I believe this verse brings freedom from the weight of our sins and the freedom to now live Christ-like.
First, I believe that this verse brings freedom from the weight of our sins.
When I was a freshman in high school, I had a crush on the "popular" girl of the tutorial that I was going to. Now, some of you guys might be able to remember your freshman year of high school, but high school girls only like guys with big muscles. At least this is what my freshman brain had decided. So the natural reaction to that belief was to work out. Well, my impatience to slowly build muscle left my 115-120 pound wiry body pinned underneath a 100 pound weight bar. So there I was laying on the weight bench and not being able to move. The weight on my chest made me anxious, worried, and hard to breathe. Now would be a good time to mention that I hadn't put the clamps on the bar to keep the weights on. So I didn't want to tilt the bar any for fear that the weights on one side would slide off and fling me off the bench. So I laid there what seemed like 20 minutes, but was probably only 10. Finally, I realized it was my only choice to tilt the bar. So, bracing myself, I tilted one side with all my strength, the weights flew off the one side, and I went flying off the other side of the bench landing on the bar and hurting myself.
When I read the three verses before verse 24 this is exactly how I start to feel! I Peter 2:21-23 says,
" To this you were called, because Christ suffered for you, leaving you an example, that you should follow in his steps. He committed no sin, and no deceit was found in his mouth. When they hurled their insults at him, he did not retaliate; when he suffered, he made no threats. Instead, he intrusted himself to him who judges justly."
When I read this I see that Christ has left an example that I am called to follow. Then I see the example… Holy Shnikies! I can't possibly do all that! Well, let's try to just take one… "He committed no sin"…. Nope. I have messed up a ton, I have made a lot of poor decisions in life that have hurt other people, I have so much sin that is weighing me down and preventing me from even starting to follow Jesus's footsteps!
We, as Christians, can't view Christ's death as an example, before we see it as a substitutionary atonement for our sins and short comings.
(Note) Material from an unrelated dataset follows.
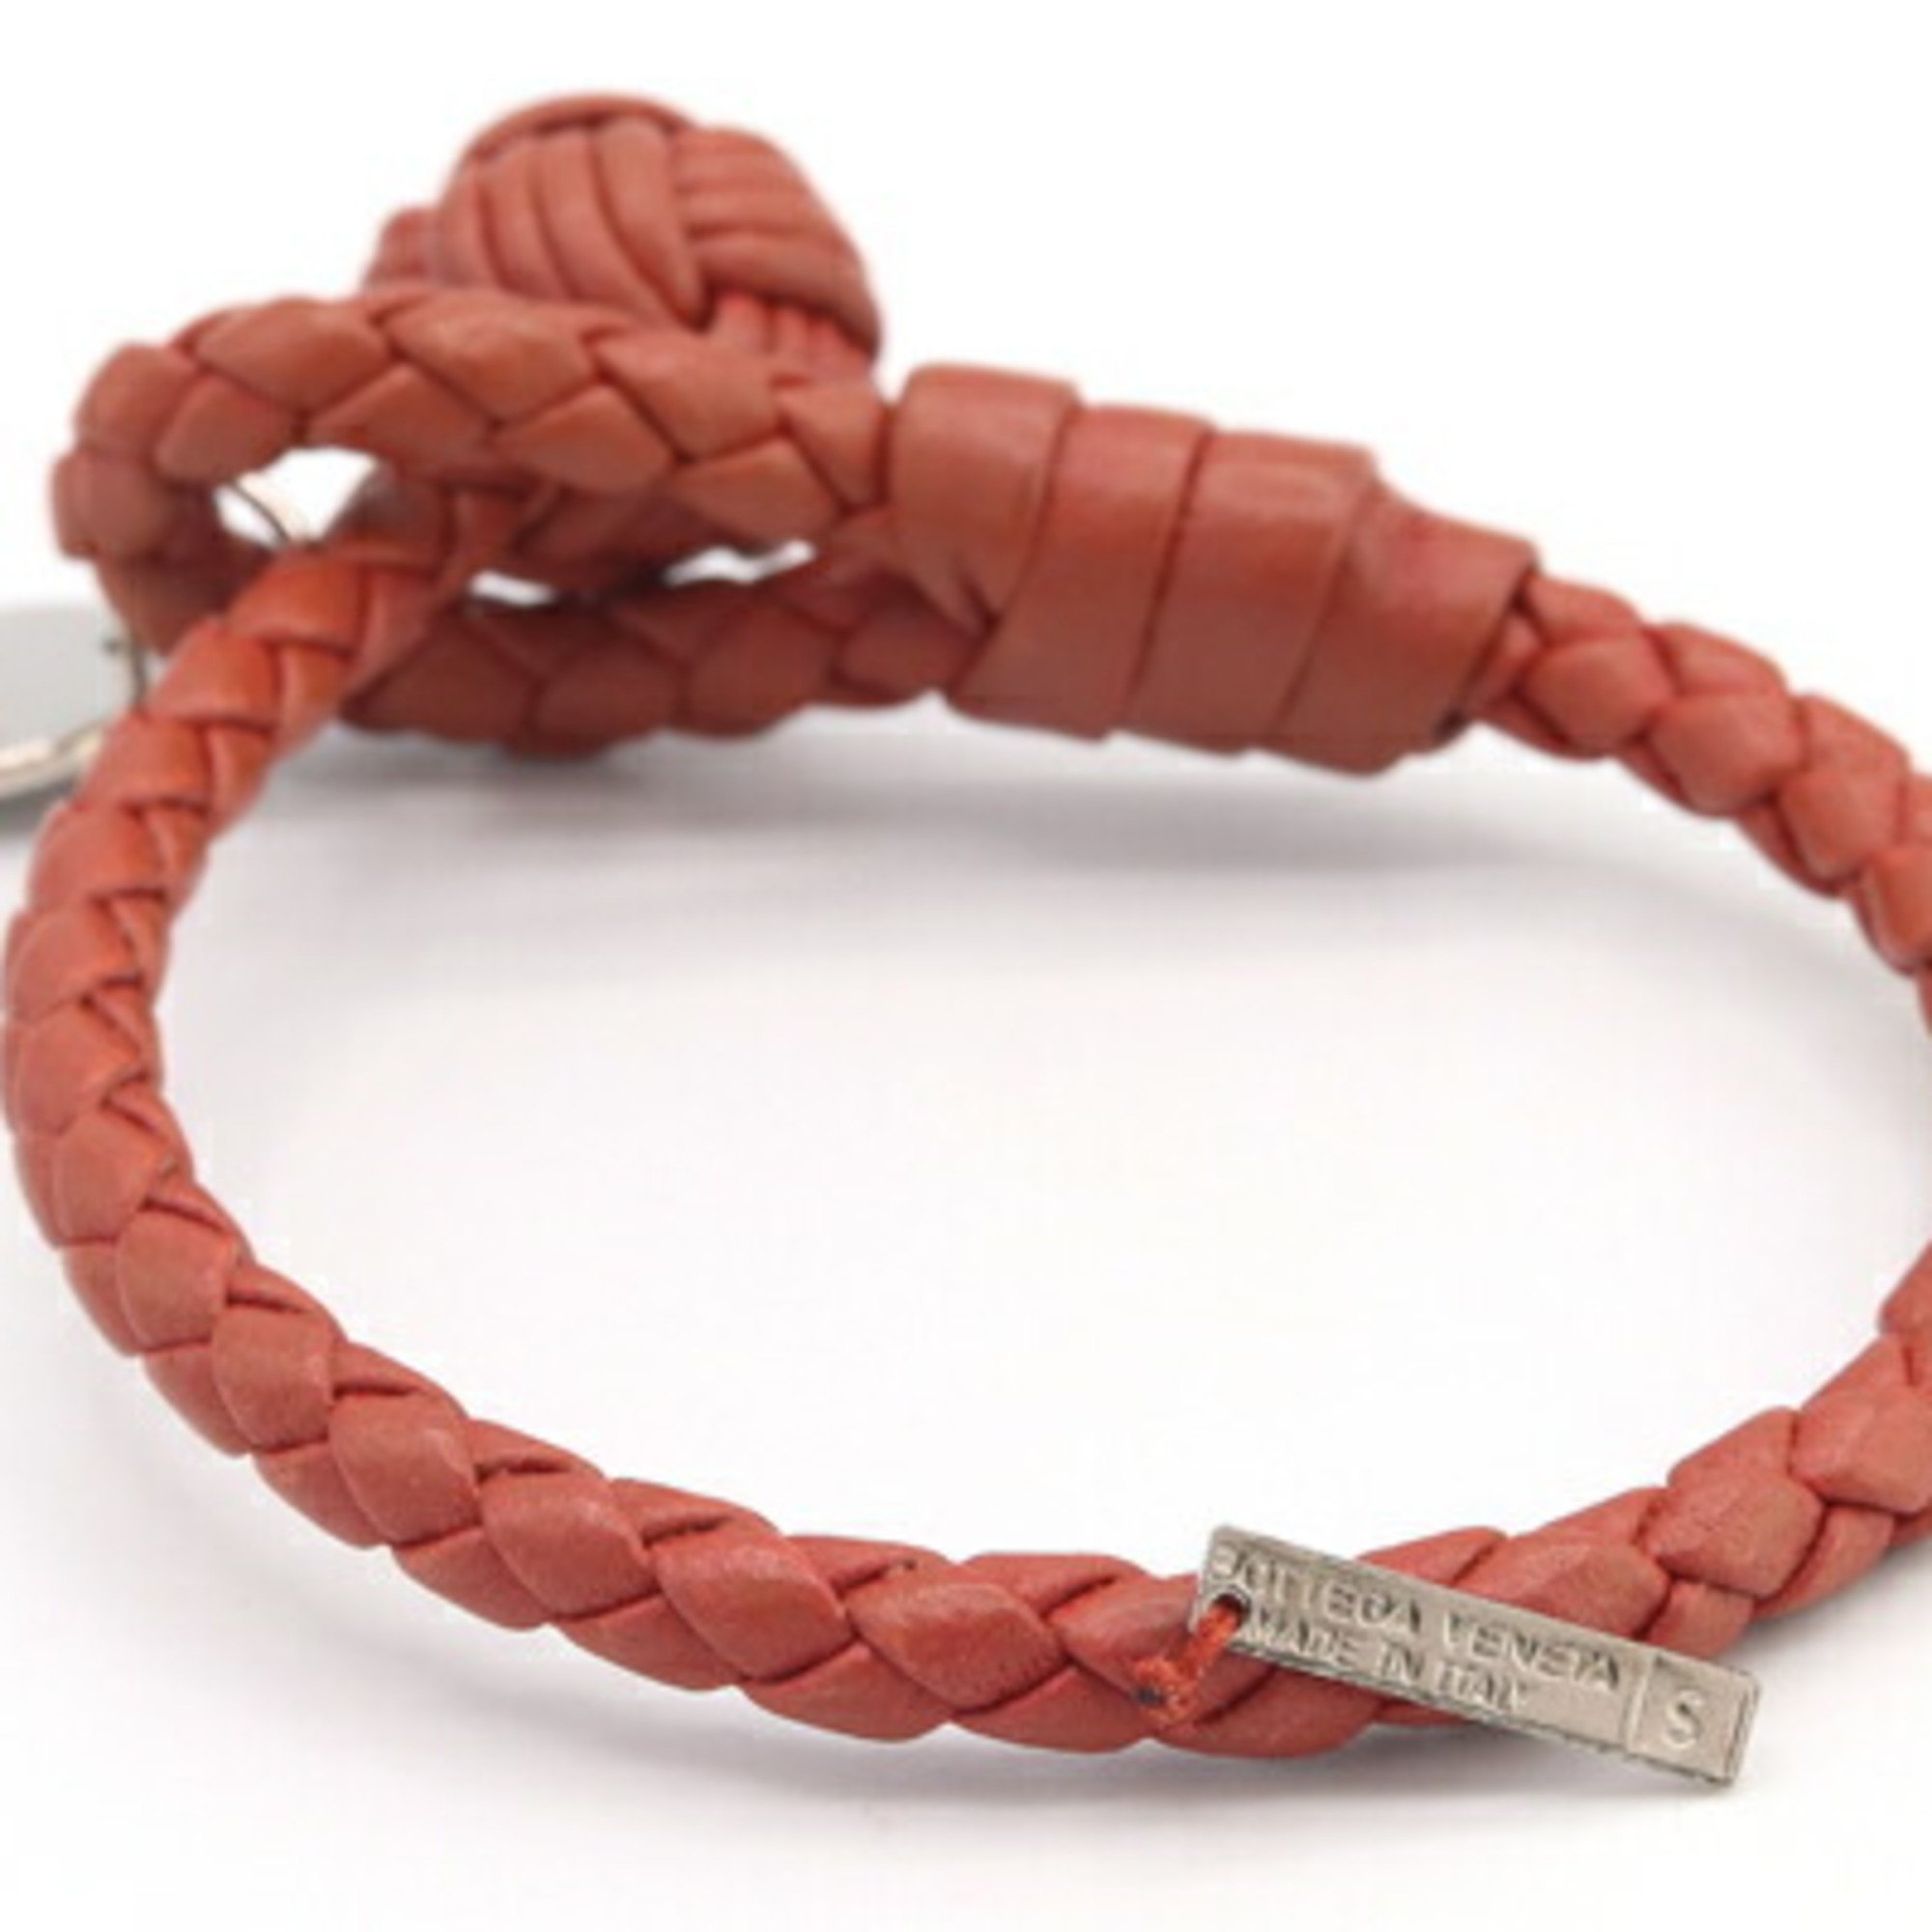 Bottega Veneta Bracelet Intrecciato 113546 Brown Leather Bangle for Women and Men BOTTEGA VENETA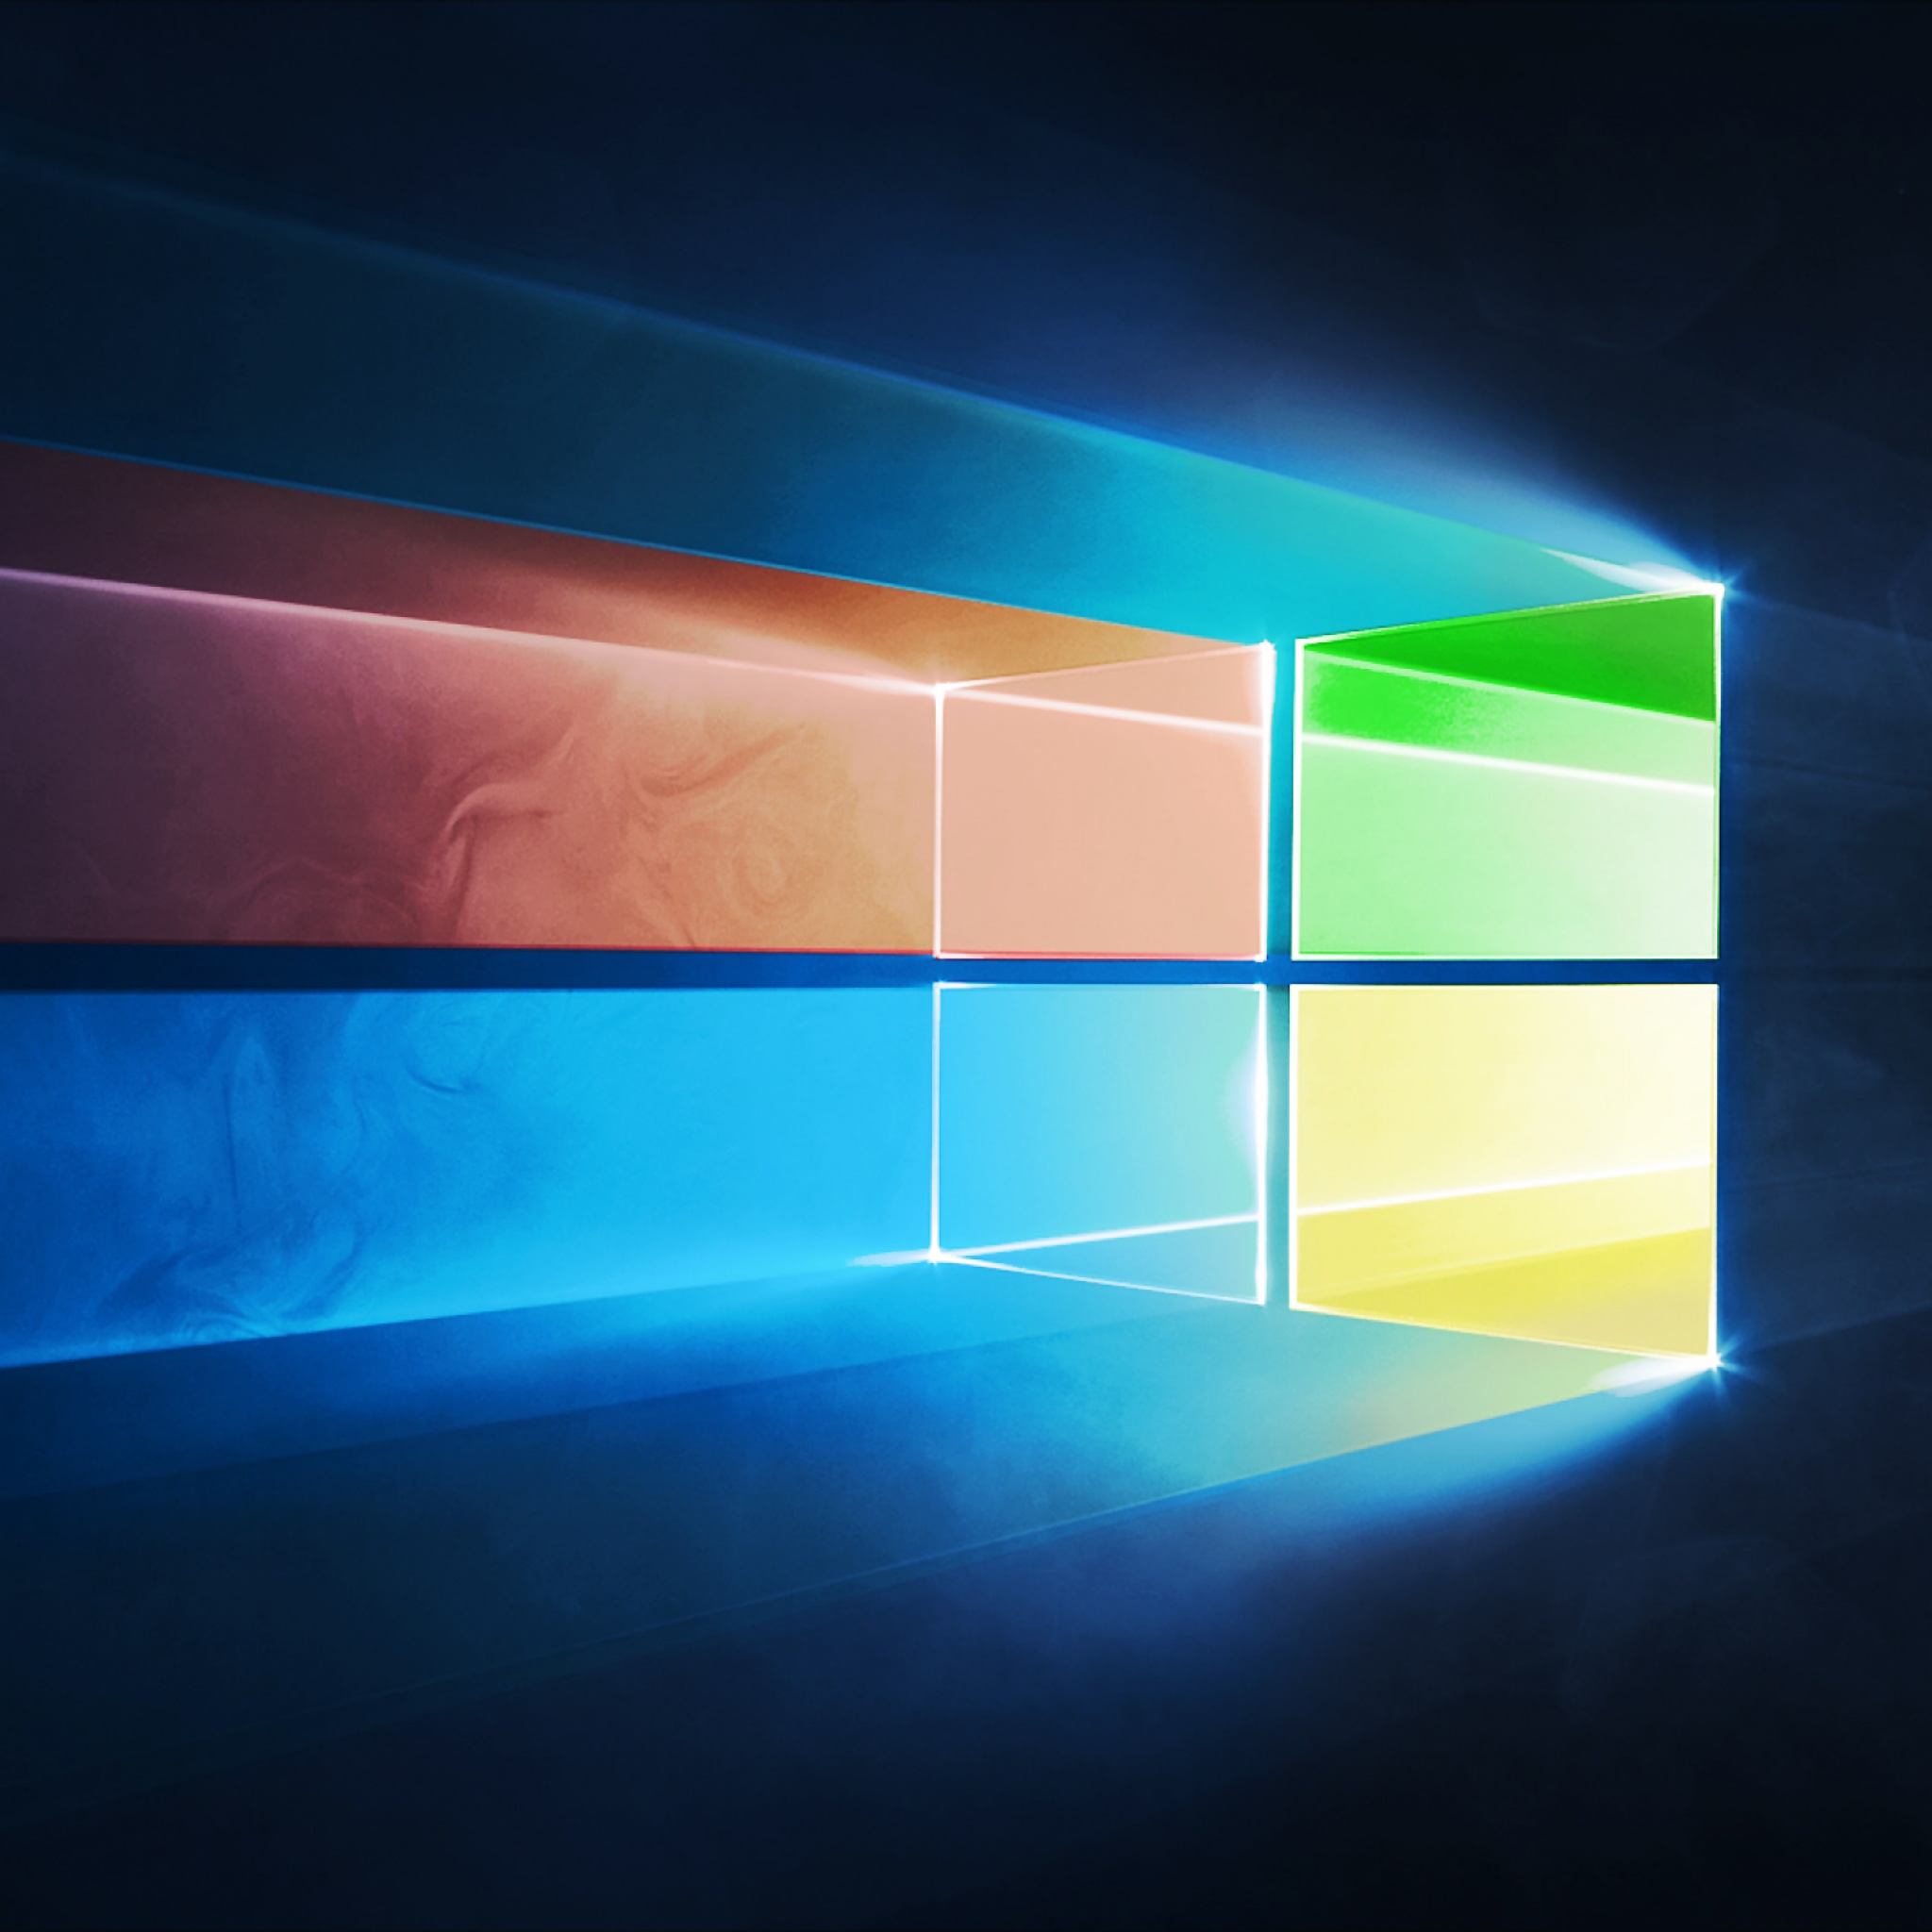 Microsoft Windows 4K Wallpaper, Windows 10, Colorful, Blue ...

This is where verse 24 comes… Peter, who we know was a man of action, who's actions usually ended up in doubting or denying Jesus, knows the feeling of this weight. He would felt this weight quite literally when Jesus called him out of the boat to walk on water in Matthew 14, and having turned his gaze away from Jesus, he started to drown and feel the weight of the wind and waves crashing around him. The first part of verse 24 says, "He bore our sins in his body on the tree…" You see, Christ's suffering on the cross wasn't Him merely being an example of how to be selfless or how to suffer, but was Him being a substitutionary atonement for our sins. In fact, it couldn't only be an example. Otherwise we wouldn't even have the ability to walk in His steps! Peter is saying that Jesus bore our sins in His body on the cross, and the greek word for "bore" here is "anaphero," which means to bring or bear up, and if Jesus has already bore our sins in HIS body, has already brought them up with HIM, we no longer need to bear that burden ourselves. That burden cannot be in two places. Or in Peter's words, "He bore our sins in his body on the tree, that we might die to sin…"
I believe that Peter is telling his readers in the first part of verse 24 that, just like the French man who's friend's death gave him life, Jesus has lifted our sins as Christians up from us and laid the wages of death in His grave.
Second, I believe that this verse brings freedom to now live like Christ.
This one time three days before this past New Years, I was ministering to youth by way of a highly competitive basketball game. It was a spontaneous game that I found myself playing in Chocos. Just when I decided to teach one of them about humility by jumping up and knocking his shot out of the air, I missed the ball and landed on the side of my foot. This resulted in me breaking my foot and my new Chocos, and has left me in a boot with crutches for the past several weeks. This is the state I feel like we live in today as Christians. We hold onto past mistakes or feelings of inadequacy and make excuses why we aren't/or can't live righteously. We use these excuses as crutches as we hobble through a life we were meant to run through as if to win a race.
Galatians 2:19-20 says, "through the Law I died to the Law, that I might live to God. I have been crucified with Christ; and it is no longer I who live, but Christ lives in me; and the life which I now live in the flesh I live by faith in the Son of God, who loved me, and delivered Himself up for me."
Once we see that "Jesus Christ himself has already bore our sins in HIS body so that we can die to them, and that it is Him who lives in us, we need to throw our crutches away, and recognize that Jesus's death on the cross has taken our brokenness and separated us from it. Leviticus gives us an amazing picture of this in Leviticus 16:20-22. The priests would have two goats when they sacrificed. One would be the actual sacrifice and the other would be a scape-goat. The priest would lay his hands on this goat and confess the people's sins, another man would take it into the wilderness and let it go, and the goat would never be seen again. Because Christ bore our sins on the cross, we are now separated from our old selves, and now that Christ lives in us, we now have the ability to live like him.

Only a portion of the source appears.